**What is required**. Down to the last line below, write out every line exactly, starting with the one that contains "Zara Women's Boho" and leaving out the pictures.

**Collected material**.
:::

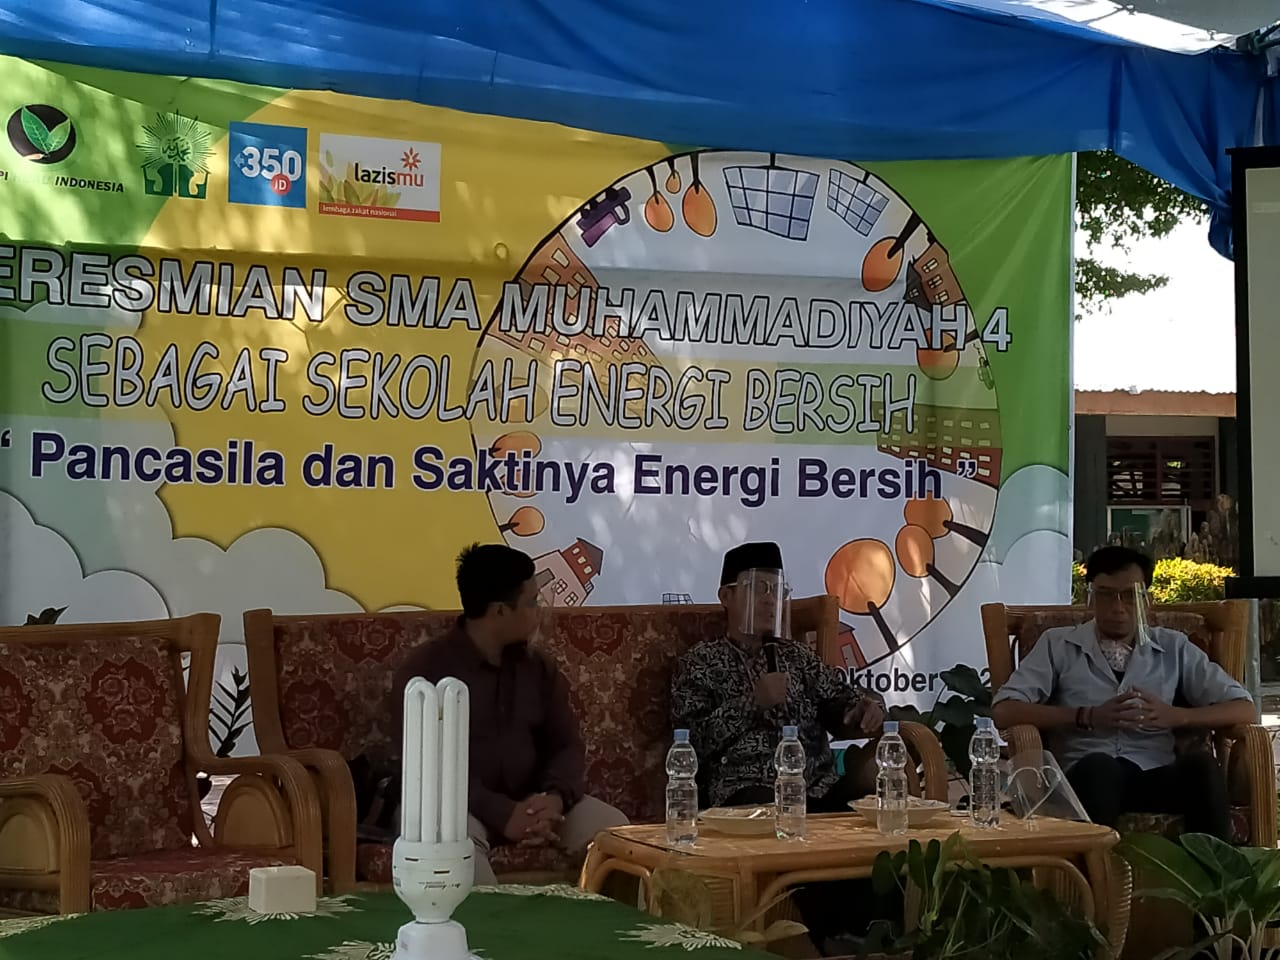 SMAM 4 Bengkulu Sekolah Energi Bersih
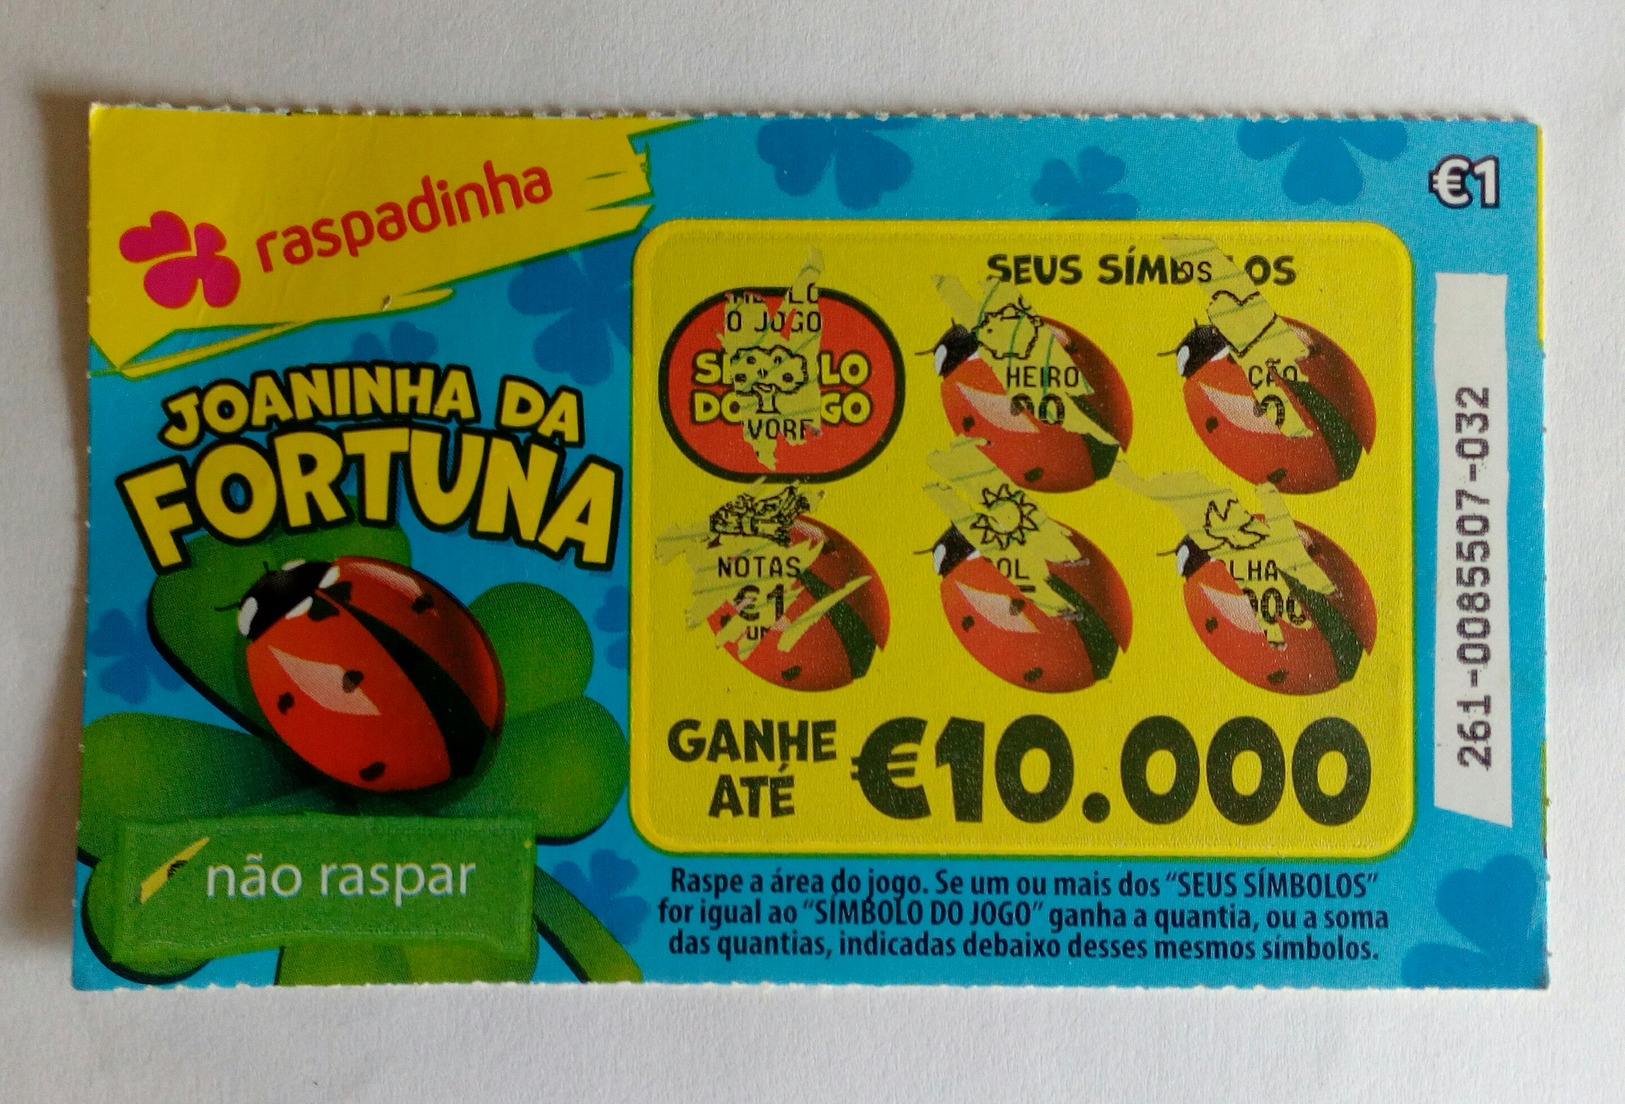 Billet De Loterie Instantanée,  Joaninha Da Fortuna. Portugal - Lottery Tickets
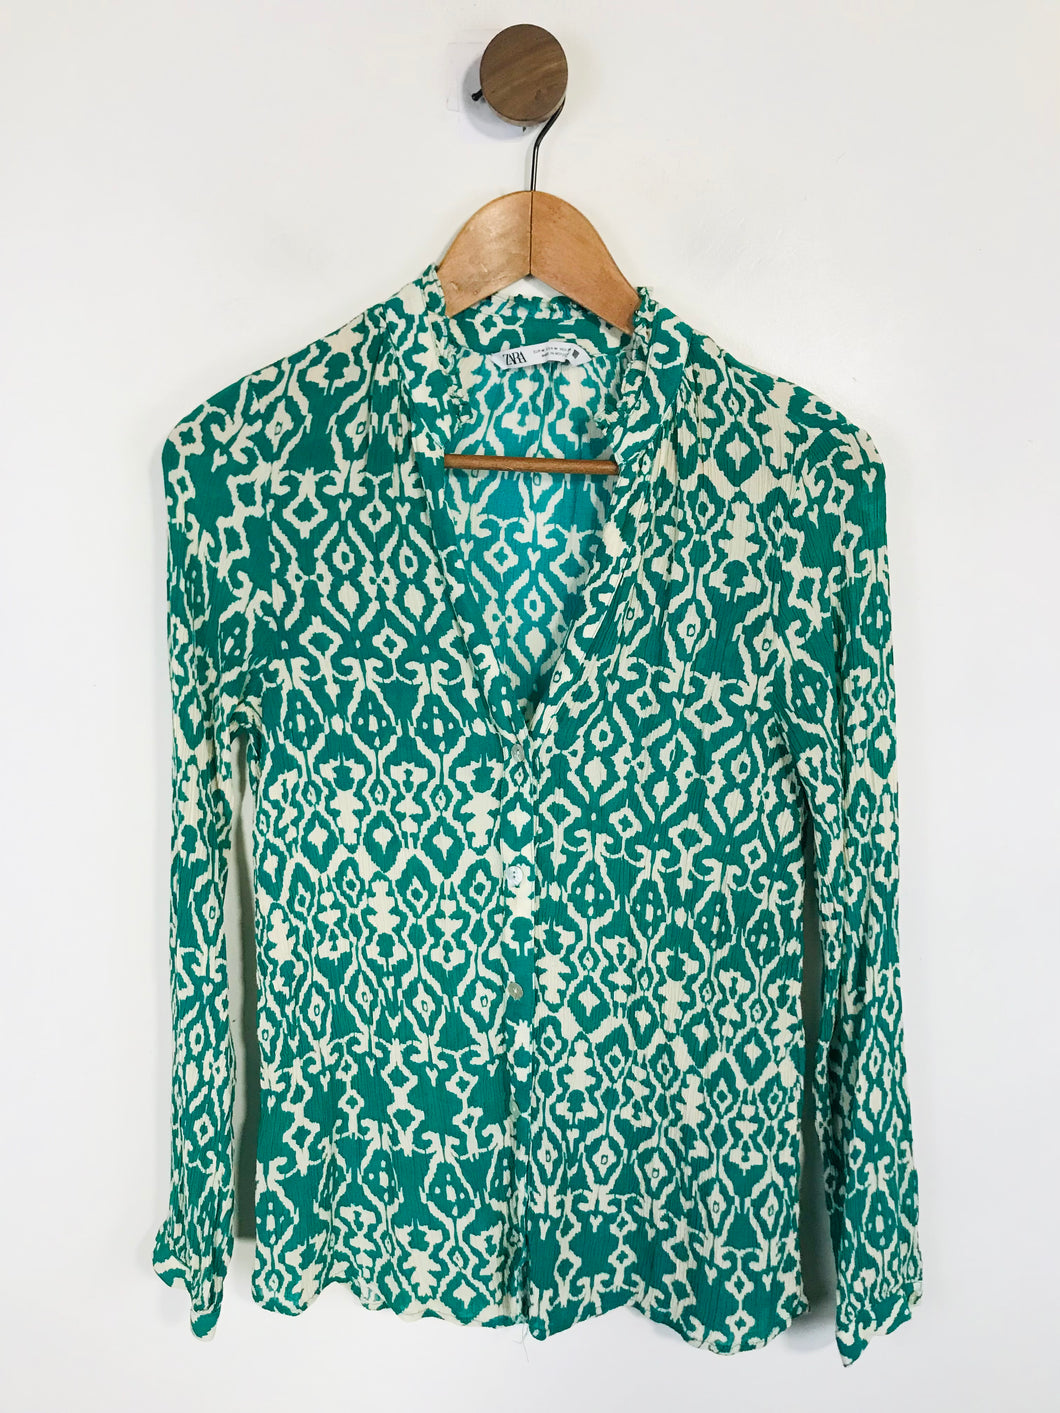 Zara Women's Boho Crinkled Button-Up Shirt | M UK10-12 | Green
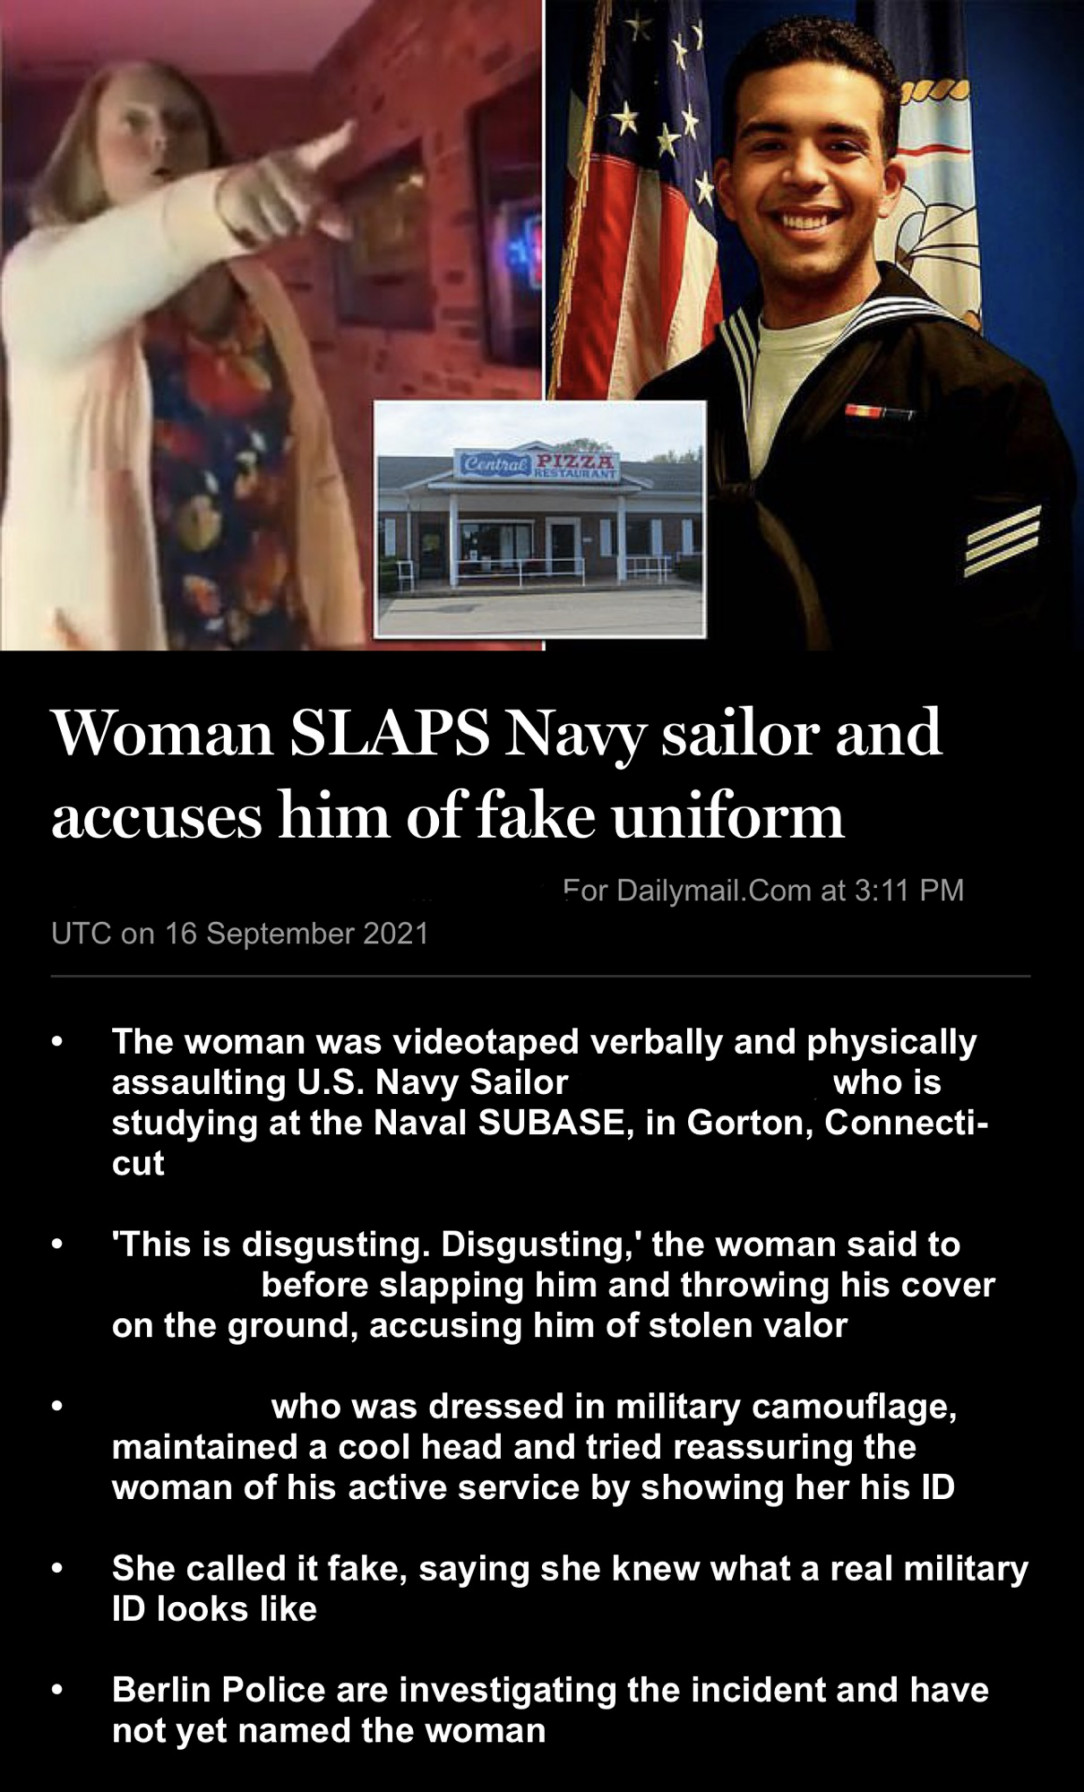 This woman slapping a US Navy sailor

:::

**Response to this task**.
 Zara Women's Boho Crinkled Button-Up Shirt | M UK10-12 | Green
 This woman slapping a US Navy sailor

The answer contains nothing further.